Validation of Infinium DNA Methylation Data by MethyLight Assay.
Genomic DNA from 25 pairs of colorectal tumor and their adjacent normal samples were treated with sodium bisulfite using the Zymo EZ96 DNA Methylation Kit (Zymo Research) and subsequently analyzed by MethyLight as previously described (Campan et al., 2009). Primers and probes used for validation are as follows and are listed as 5′ to 3′: SFRP1, forward primer: 5′ GAA TTC GTT CGC GAG GGA 3′ (SEQ ID NO:13), reverse primer: 5′ AAA CGA ACC GCA CTC GTT ACC 3′ (SEQ ID NO:14), probe: 6FAM-CCG TCA CCG ACG CGA AAA CCA AT-BHQ-1 (SEQ ID NO:15); TMEFF2, forward primer: 5′ GTT AAA TTC GCG TAT GAT TTC GAG A 3′ (SEQ ID NO:16), reverse primer: 5′ TTC CCG CGT CTC CGA C 3′ (SEQ ID NO:17), probe: 6FAM-AAC GAA CGA CCC TCT CGC TCC GAA-BHQ-1 (SEQ ID NO:18); LMOD1, forward primer: 5′ TTT TAA AGA TAA GGG GTT ACG TAA TGA G 3′ (SEQ ID NO:19), reverse primer: 5′ CCG AAC TAA CGA ATT CAC CGA C 3′ (SEQ ID NO:20), probe: 6FAM-TCG TCC CTA CTT ATC TAA CTC TCC GTA-MGBNFQ (SEQ ID NO:21). The results of the MethyLight assays were scored as PMR (Percent of Methylated Reference) values as previously defined (Weisenberger et al., 2006; Campan et al., 2009).
Gene Expression Assay.
Gene expression assay was performed on 25 pairs of colorectal tumor and non-tumor adjacent tissue samples using the Illumina Ref-8 whole-genome expression BeadChip (HumanRef-8 v3.0, 24,526 transcripts) (Illumina). Scanned image and bead-level data processing were performed using the BeadStudio 3.0.1 software (Illumina). The summarized data for each bead type were then processed using the lumi package in Bioconductor (Du et al., 2008). The data were log2transformed and normalized using Robust Spline Normalization (RSN) as implemented in the lumi package. Specifically, total RNA from 26 pairs of colorectal tumor and non-tumor adjacent tissue samples was isolated using the TRIZOL® Reagent (Invitrogen, Burlington, ON) according to the manufacturer's protocol.
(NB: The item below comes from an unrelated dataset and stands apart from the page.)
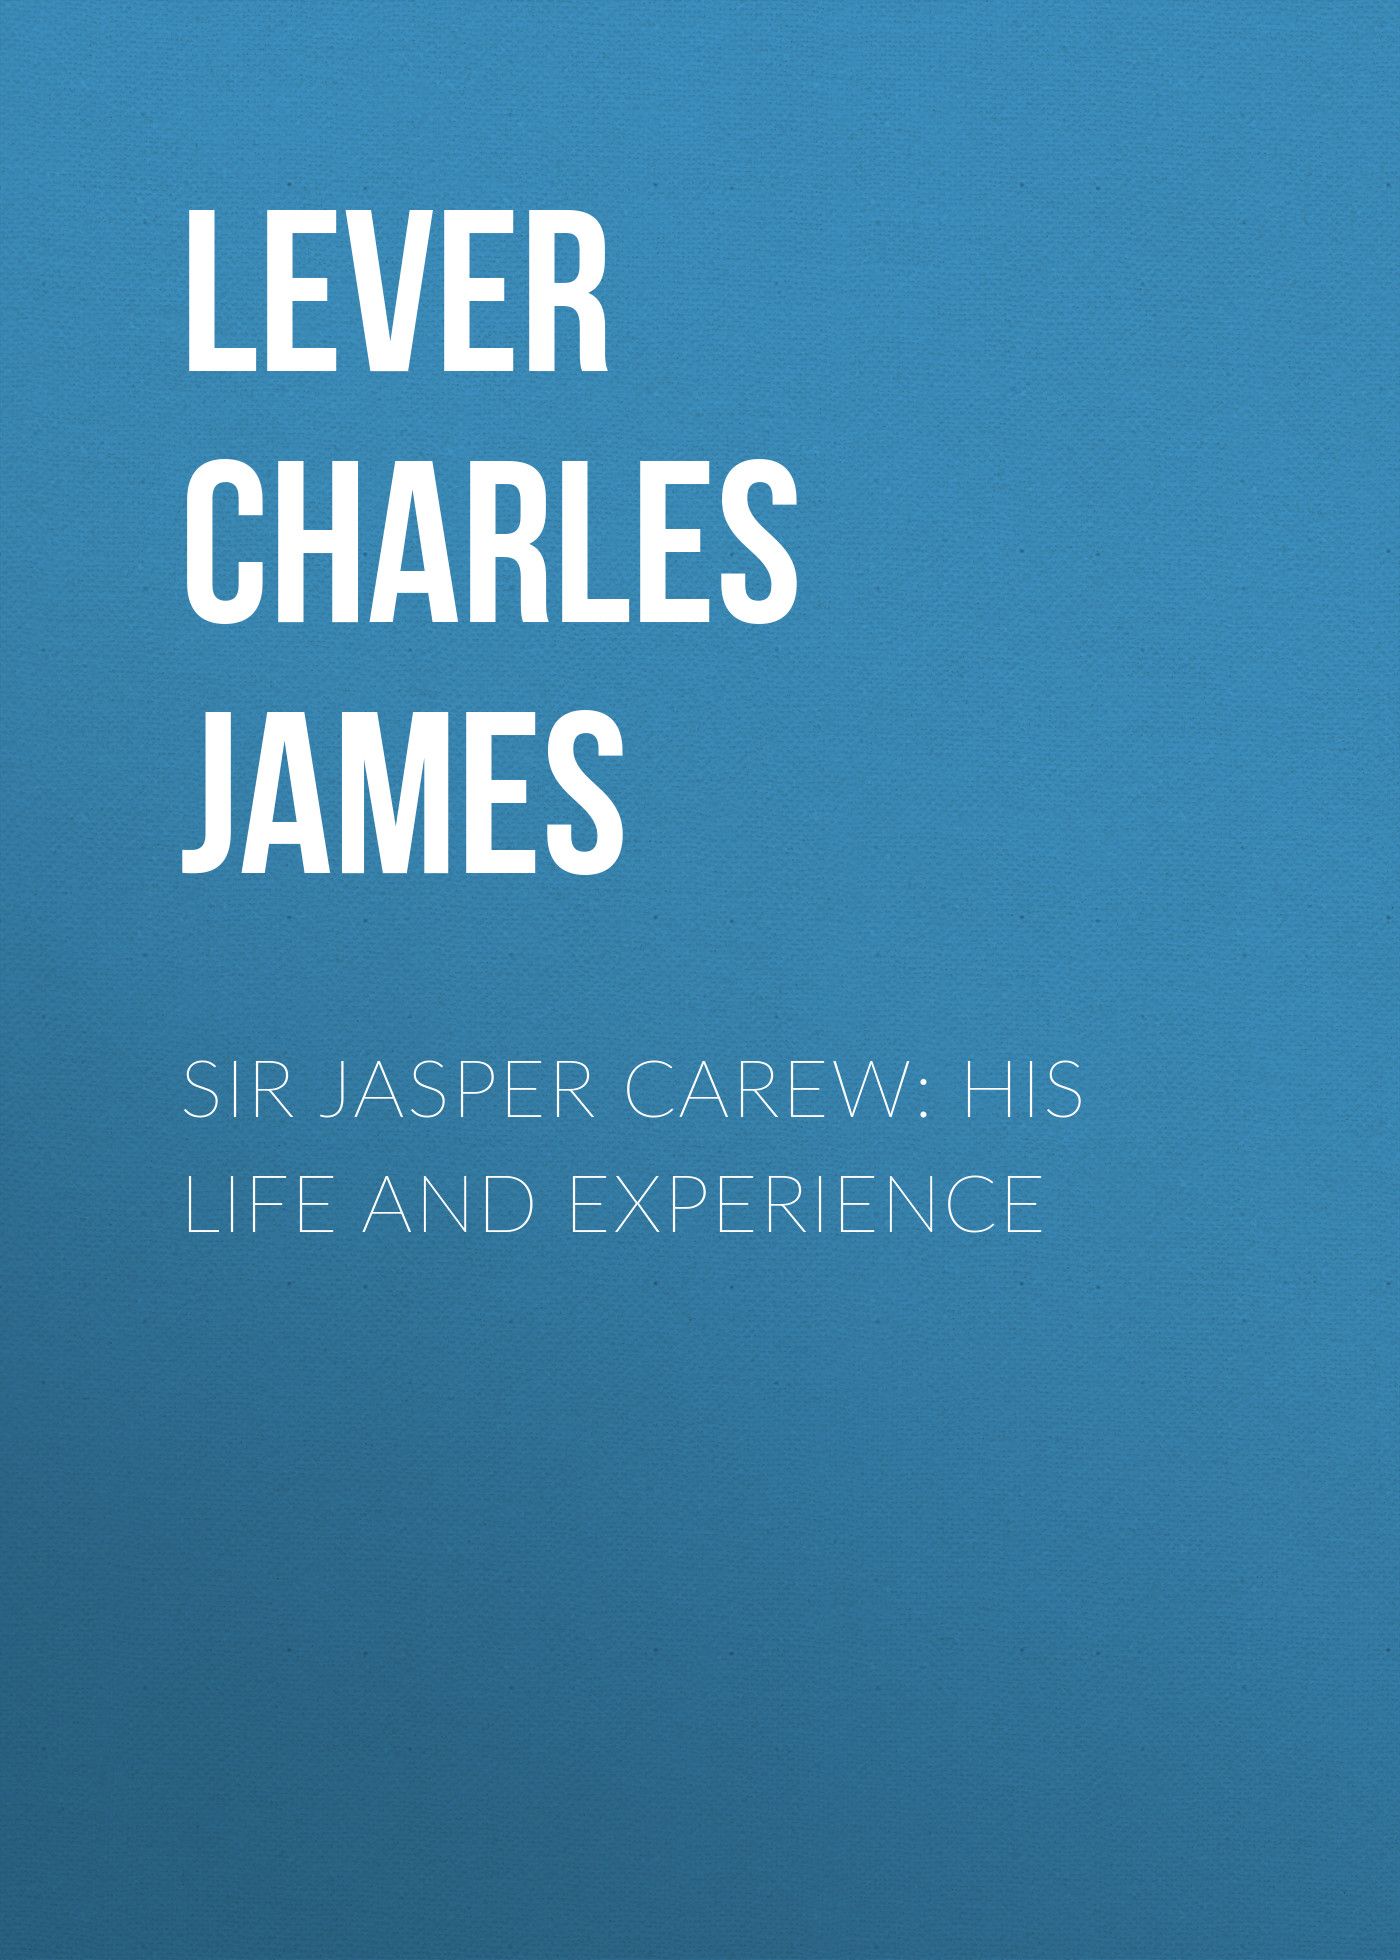 Книга Sir Jasper Carew: His Life and Experience из серии , созданная Charles Lever, может относится к жанру Литература 19 века, Зарубежная старинная литература, Зарубежная классика. Стоимость электронной книги Sir Jasper Carew: His Life and Experience с идентификатором 25448348 составляет 0 руб.

The concentrations of RNA samples were measured using the NanoDrop 8000 (Thermo Fisher Scientific, Waltham, Mass.). The quality of the RNA samples was assessed using the Experion RNA StdSens analysis kit (Bio-Rad, Hercules, Calif.). Expression analysis was performed using the Illumina Ref-8-whole-genome expression BeadChip (HumanRef-8 v3.0, 24,526 transcripts) (Illumina, San Diego, Calif.). Briefly, RNA samples were processed using the Illumina TotalPrep RNA Amplification Kit (Illumina). Total RNA (500 ng) from each sample was subject to reverse transcription with an oligo(dT) primer bearing a T7 promoter. The cDNA then underwent second strand synthesis and purification. Biotinylated cRNA was then generated from the double-stranded cDNA template through in vitro transcription with T7 RNA polymerase. The biotinylated cRNA (750 ng) from each patient was then hybridized to the BeadChips. The hybridized chips were stained and scanned using the Illumina HD BeadArray scanner (Illumina). Scanned image and bead-level data processing were performed using the BeadStudio 3.0.1 software (Illumina). The summarized probe profile data and processed expression data are available at the NCBI Gene Expression Omnibus (http://www.ncbi.nlm.nih.gov/geo/) under accession number GSE25070, and these data are incorporated herein by reference in their entirety.
Validation of the Illumina Gene Expression Array Data by Quantitative RT-PCR Assay.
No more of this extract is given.